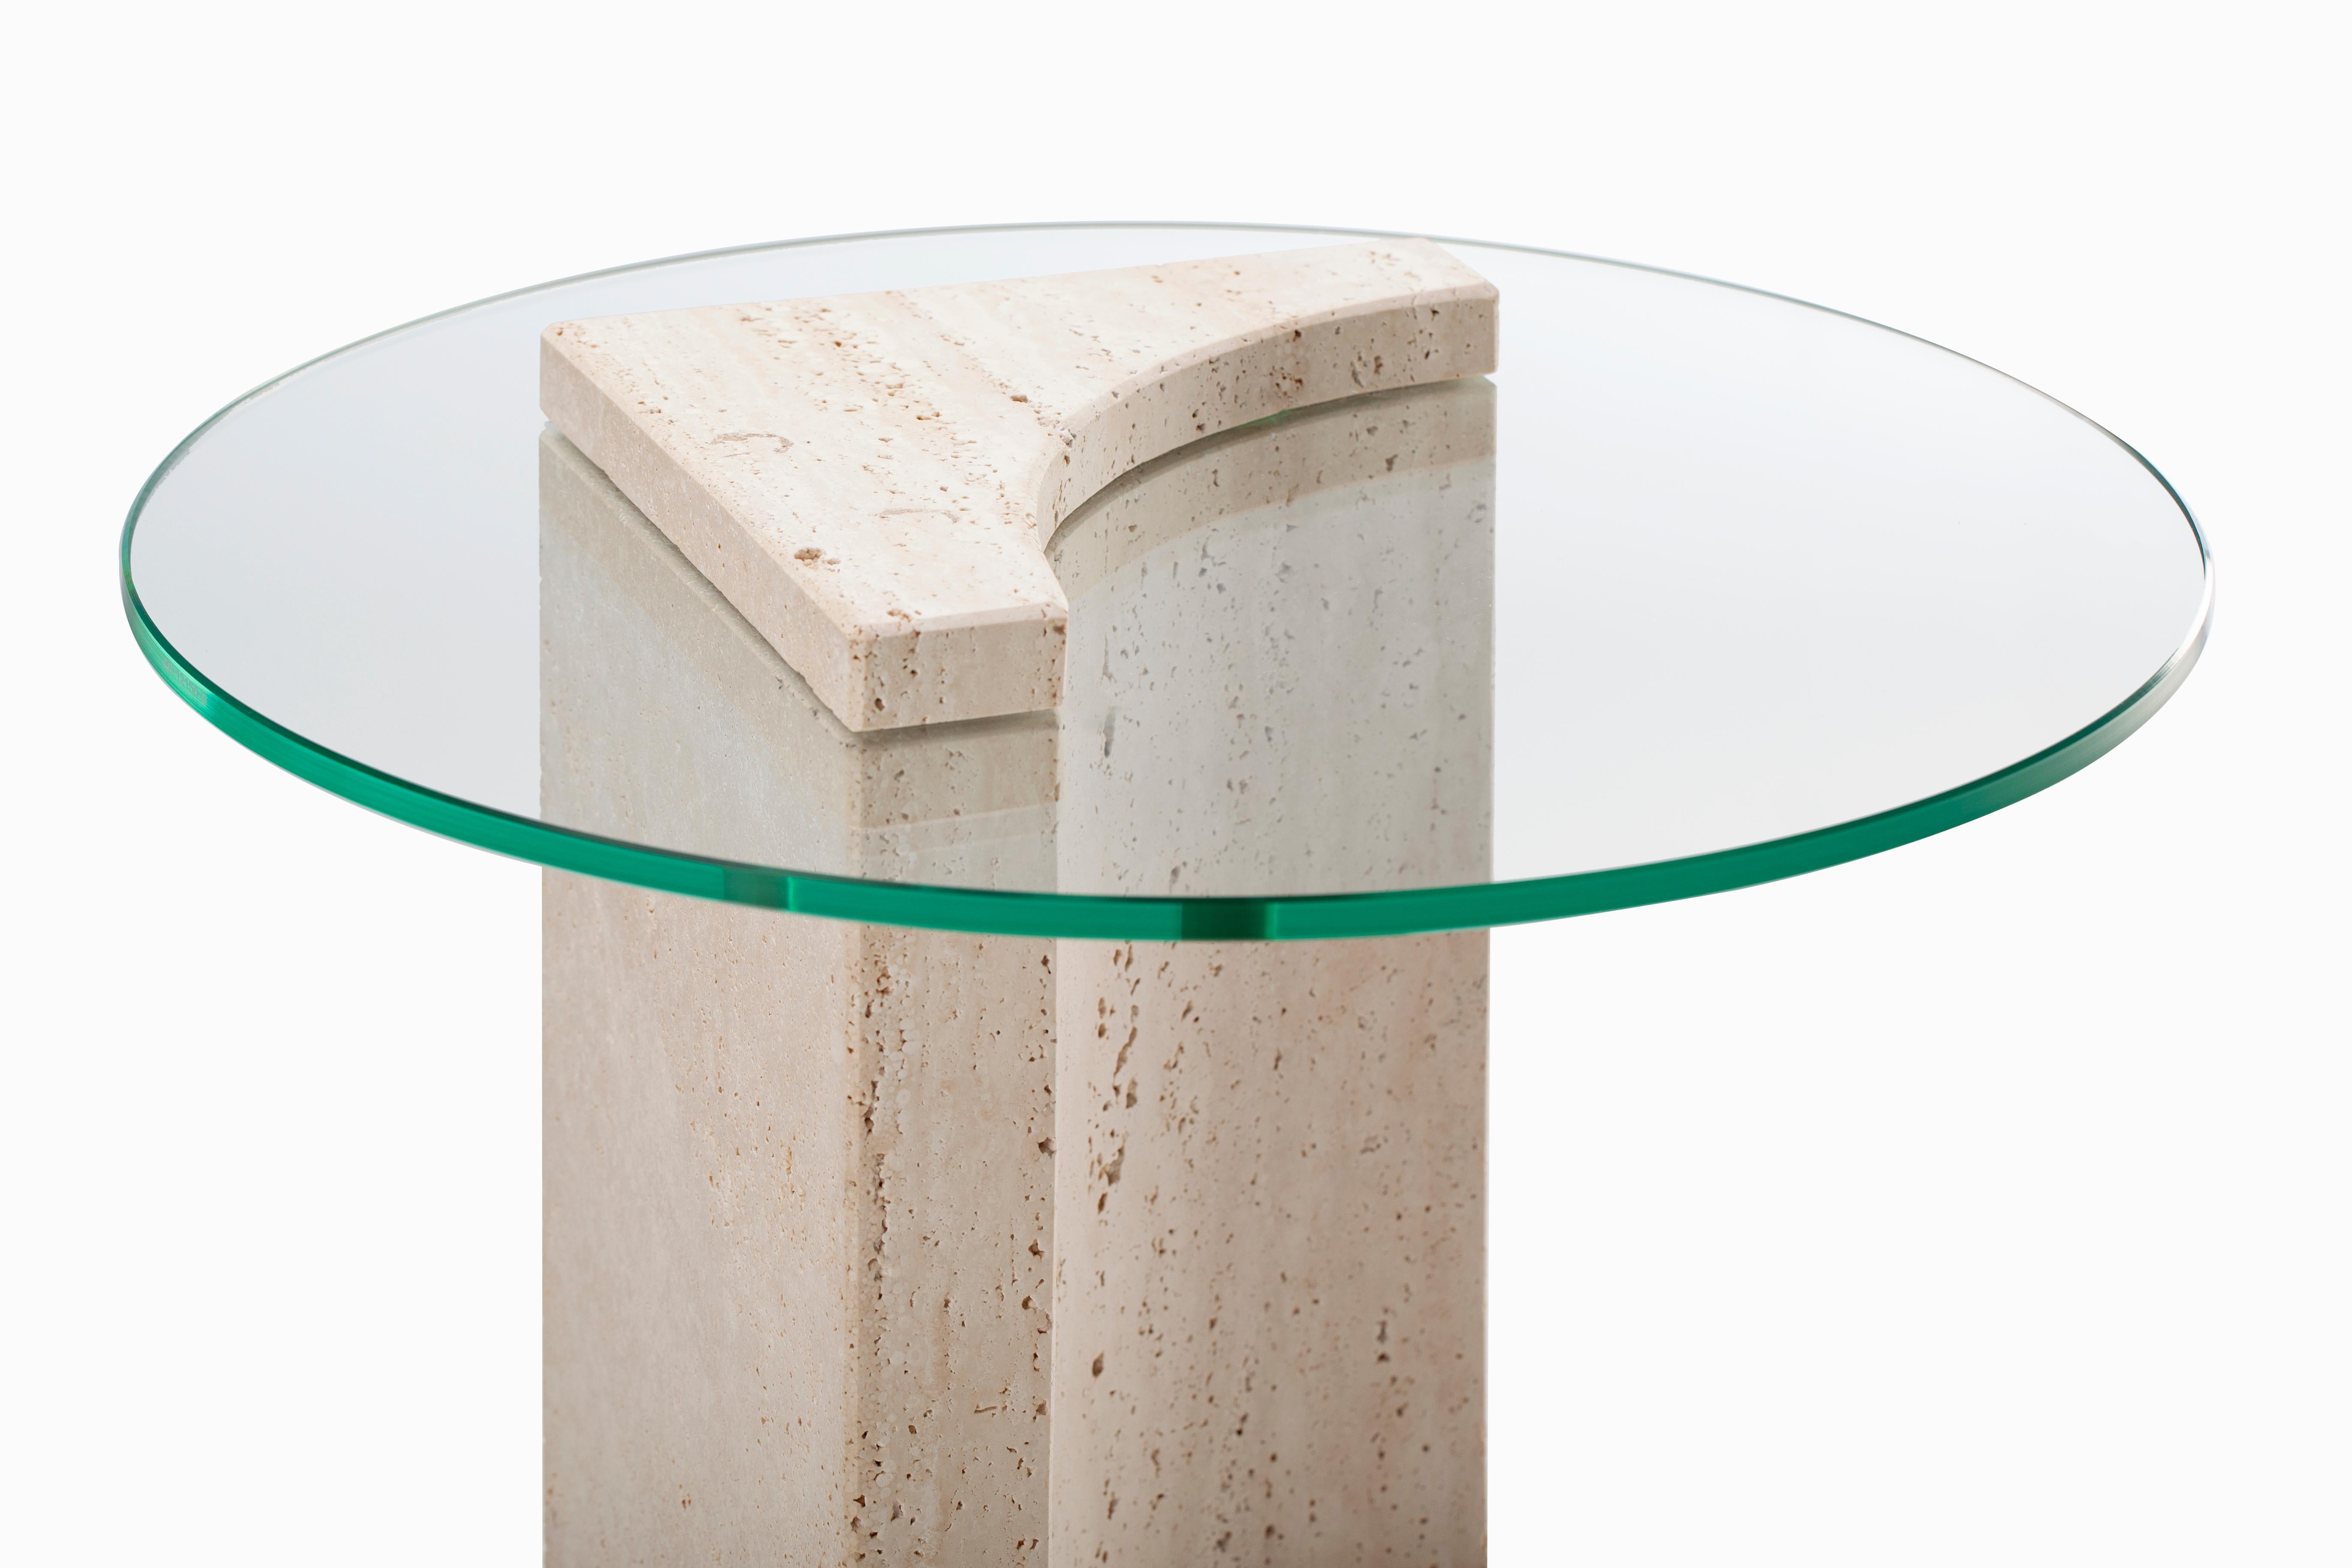 Table d'appoint avec marbre travertin fabriqué au Portugal par Collector Studio


DÉTAILS TECHNIQUES
DIMENSIONS :
Ø 50 cm  19,7
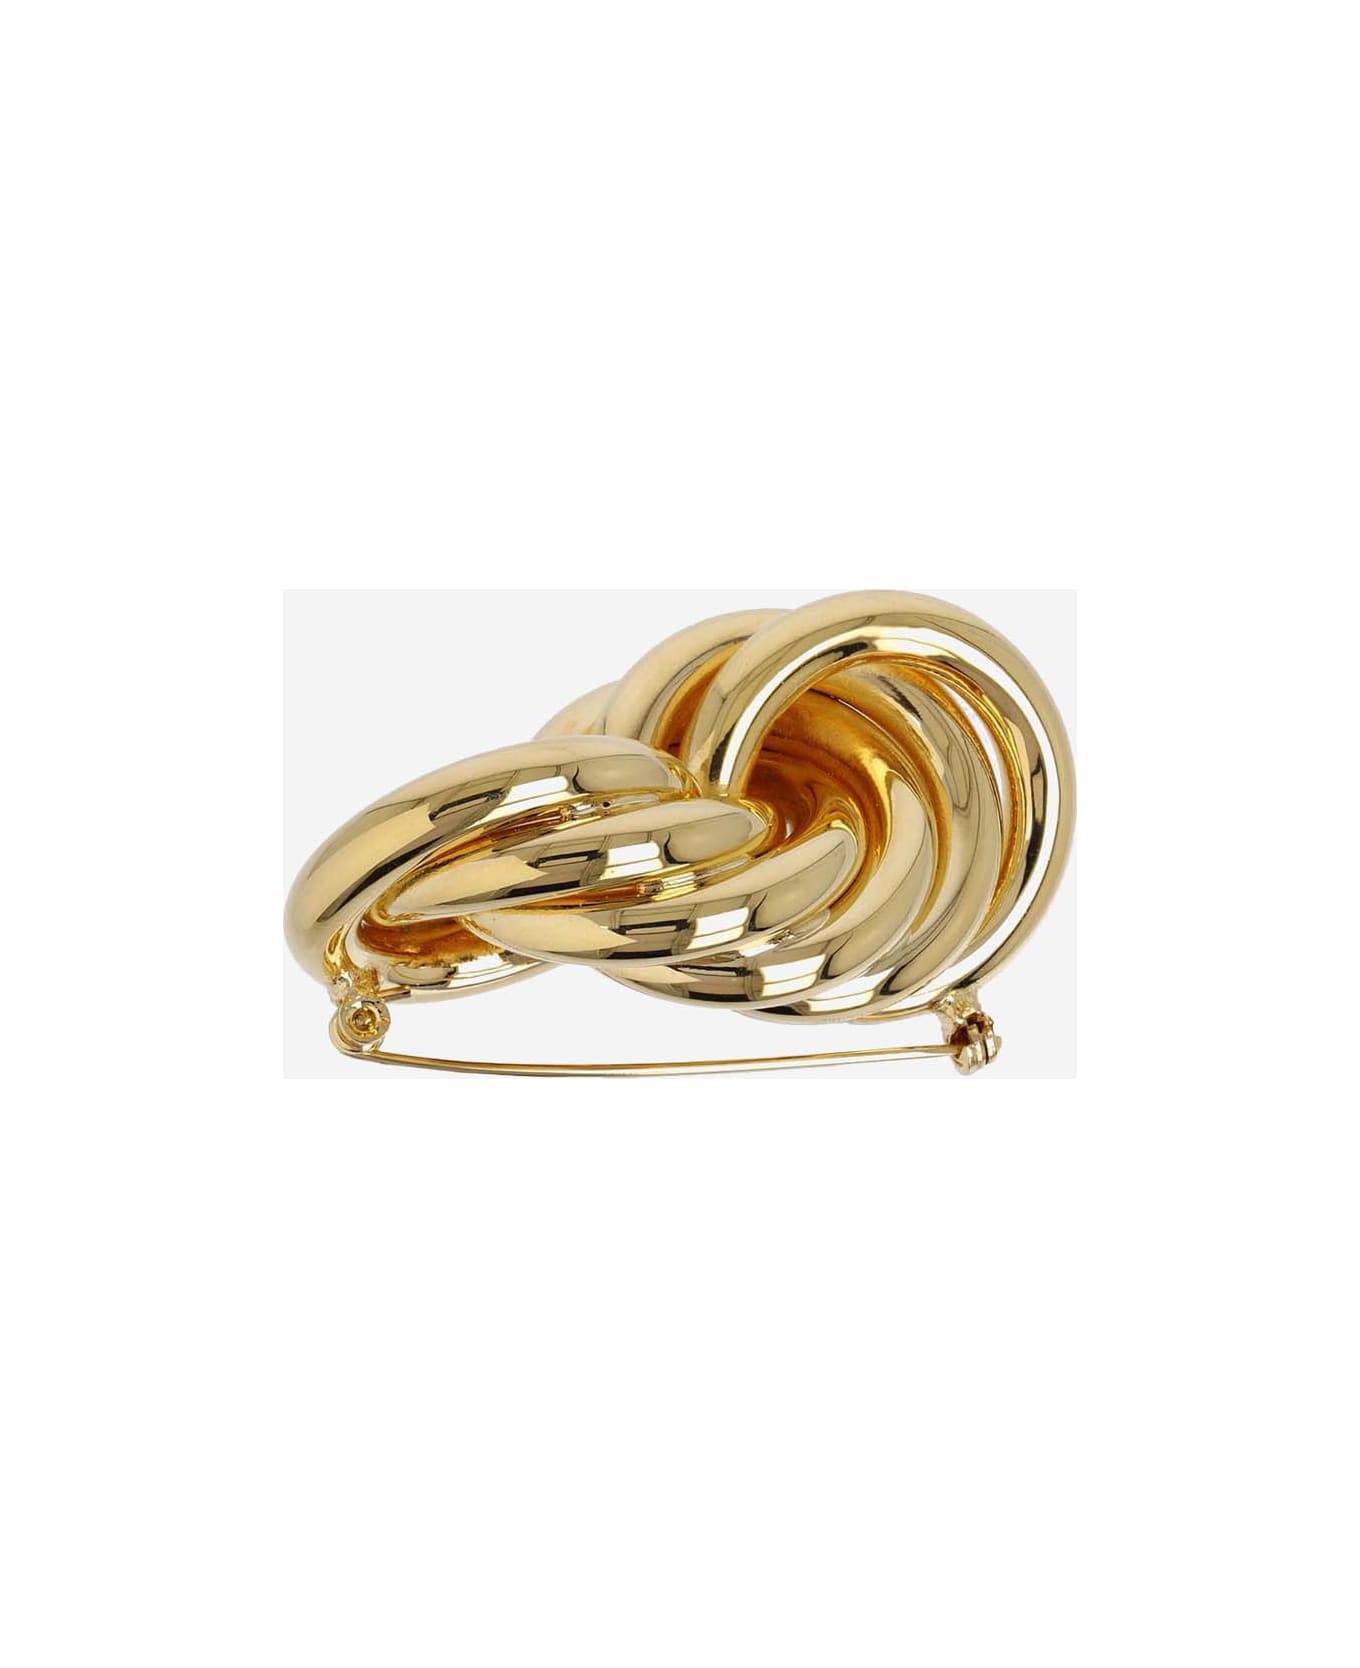 Jil Sander Brass Brooch Pin - Golden

----

What is being asked: The answer should be an exact restatement of every entry, with the pictures omitted.

Response:
 Table d'appoint avec marbre travertin fabriqué au Portugal par Collector Studio


DÉTAILS TECHNIQUES
DIMENSIONS :
Ø 50 cm  19,7
 Jil Sander Brass Brooch Pin - Golden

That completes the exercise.